Film #7 on Doctor Gash’s Top 10 Greatest Horror Movies… Ever! is a classic that was censored and scrutinized in its day for scenes of blasphemy and violence against children.
That’s right, today we may think of Frankenstein as just an old black and white monster movie, but upon its release in 1931, this movie was shocking.
Henry Frankenstein: Look! It’s moving. It’s alive. It’s alive…It’s alive, it’s moving, it’s alive, it’s alive, it’s alive, it’s alive, IT’S ALIVE!
Victor Moritz: Henry – In the name of God!
Henry Frankenstein: Oh, in the name of God! Now I know what it feels like to be God! “
We’ve been completely numbed to the power of Frankenstein.
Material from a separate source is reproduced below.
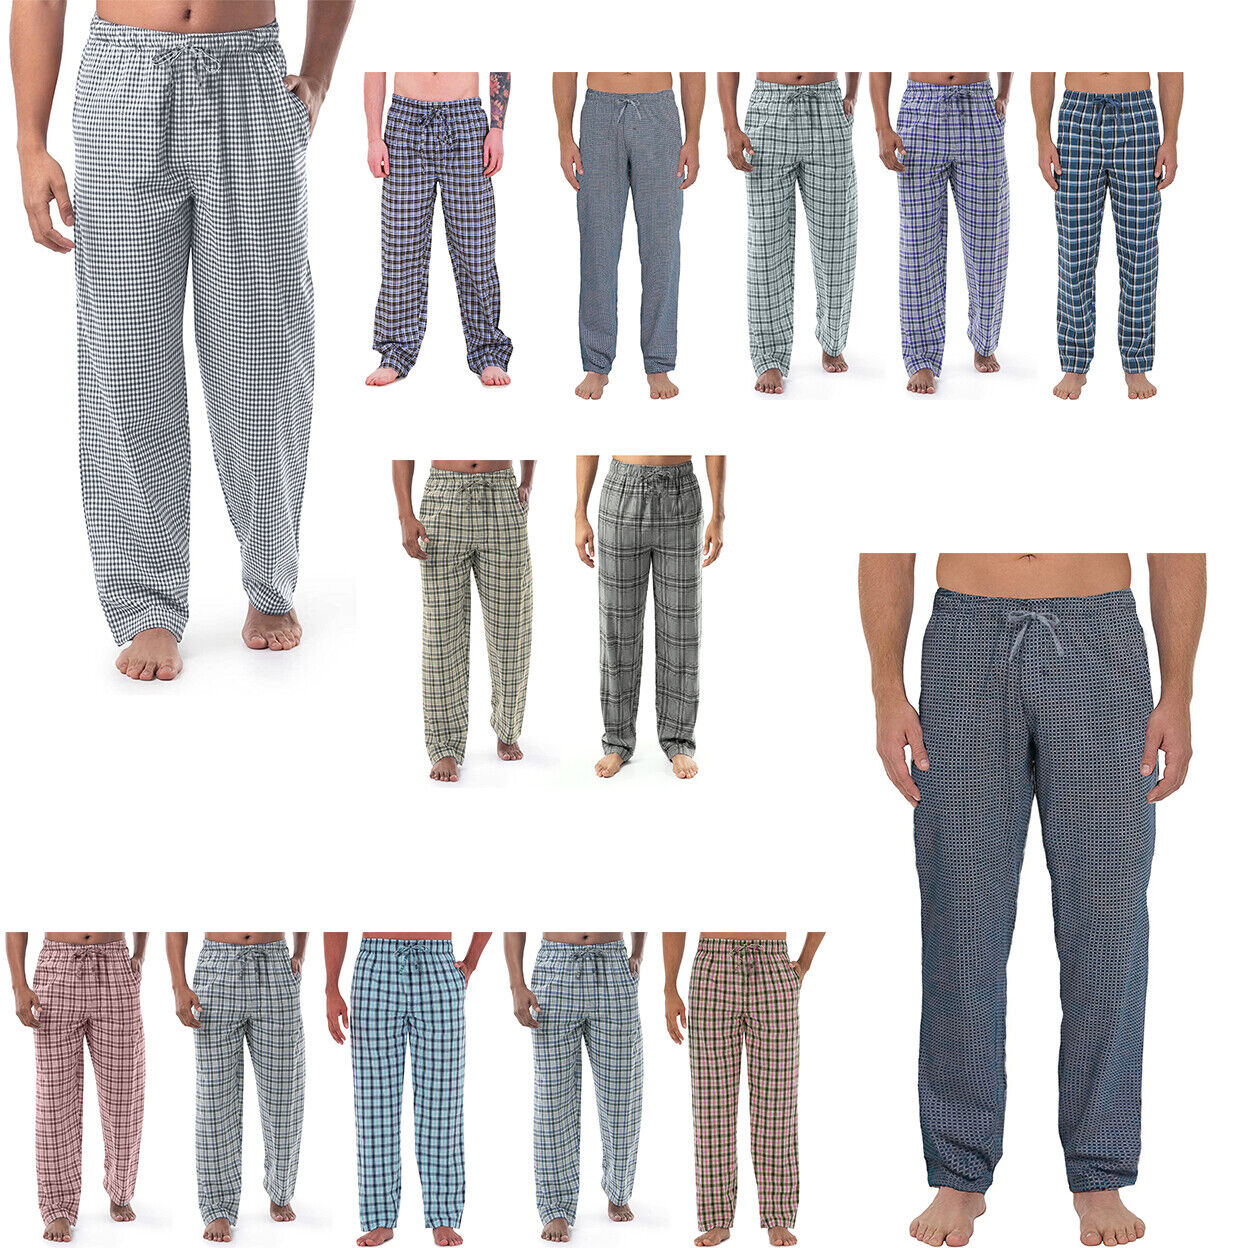 2-Pack: Men's Ultra-Soft Solid & Plaid Cotton Jersey Knit Comfy Sleep Lounge Pajama Pants - Solid & Plaid, Medium
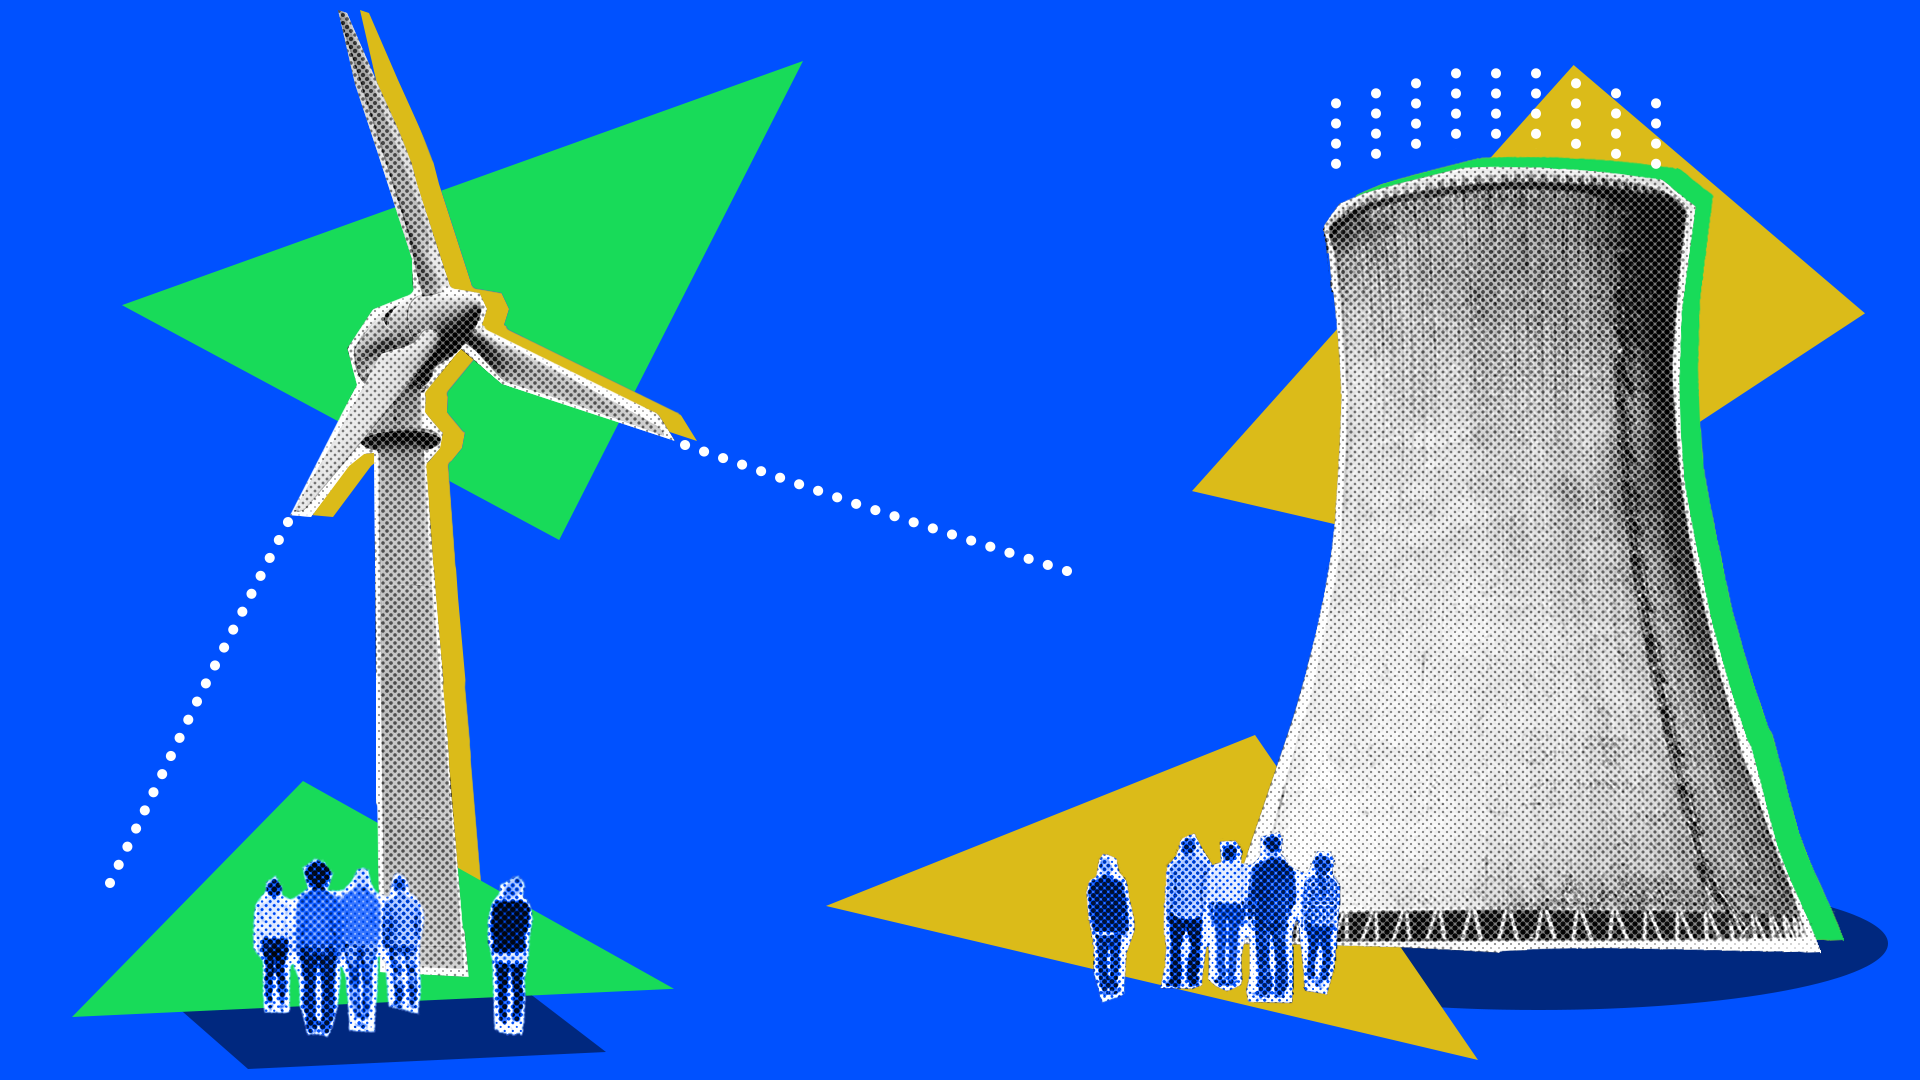 Wind power vs. nuclear power

We’re hyper-exposed to The Monster as a cute, smiling Halloween staple, a clown (Herman Munster) and a character in children’s books (Frankenstein Makes a Sandwich by Adam Rex, for instance) and kids’ movies (Kevin James’ character in Hotel Transylvania and Sally from The Nightmare Before Christmas is a female version of The Monster…and that is just two off the top of my head). But let’s consider how this film was received when it was released over 80 years ago.
We can’t be swayed by what The Monster has become but rather simply remember what he is. He is a jigsaw corpse pieced together from random bodies, driven by a demented criminal brain, and reanimated by a mad scientist. The Monster is completely lost in a world that is foreign to him. He’s tortured and cast aside by his creators…and then the monstrosity is unleashed upon the public with horrific results.
Although society’s main image of the Frankenstein Monster is undoubtedly cartoonish and fun, we must remember that upon its release, this film was considered so extreme it was actually censored in some parts. You have to remember this was 80 years ago and the sections that were removed from some prints of the film could air on prime time network television these days, but at the time, they were intense. Fans of the film will not be surprised to learn that the most scrutinized scene was the one involving The Monster throwing young Maria into the lake when he misunderstood the game they were playing together. On some prints of the film the entire second half of the of that scene, from when The Monster realized he no longer had flowers to throw into the water, through the end was cut.
More surprising is the scene when Henry Frankenstein actually brought the creature to life. He became extremely excited and proclaimed, “Now I know what it feels like to be God.” As John Lennon learned, comparing oneself to a popular deity usually doesn’t go over very well with the general public. There was an uproar over that line in the film and in many prints it was drown out with a large thunderclap. Other scenes that were cut at times were Fritz’s sadistic glee while torturing The Monster with a torch and the actual needle injecting The Monster while the doctor was subduing him. Pretty tame stuff by today’s standards, but at the time some places considered too much for the public to handle.
As for the main characters, the maniacal nature of Dr. Henry Frankenstein (Colin Clive) fuels the emotion of the film, but the true strength is in the performance of Boris Karloff as The Monster. Rarely in the history of cinema has anyone delivered such a memorable performance without ever uttering a single intelligible word. Karloff does a brilliant job of conveying anger, fear, confusion and hate, without verbally expressing anything more than grunts and growls. And director James Whale did a legendary job directing the iconic film.
Perhaps the most thrilling moment in the film comes when the doctor pulls the cover away and reveals his creation underneath. Remember, all of us were already very familiar with the Frankenstein Monster before viewing this film, but can you imagine the reaction of audiences originally seeing Frankenstein who had no idea what to expect. You have to envy them. Certainly make-up artist Jack Pierce needs to be credited here, as he was the one who designed the ‘flat-head’ look to The Monster (Pierce also worked on Karloff’s Mummy and Lon Chaney’s Wolfman. Certainly an impressive pedigree).
As far as influential horror films go, perhaps no movie can claim a bigger role than Frankenstein. With shocking imagery and brilliant performances this classic no doubt deserves its place among the greatest horror films of all time.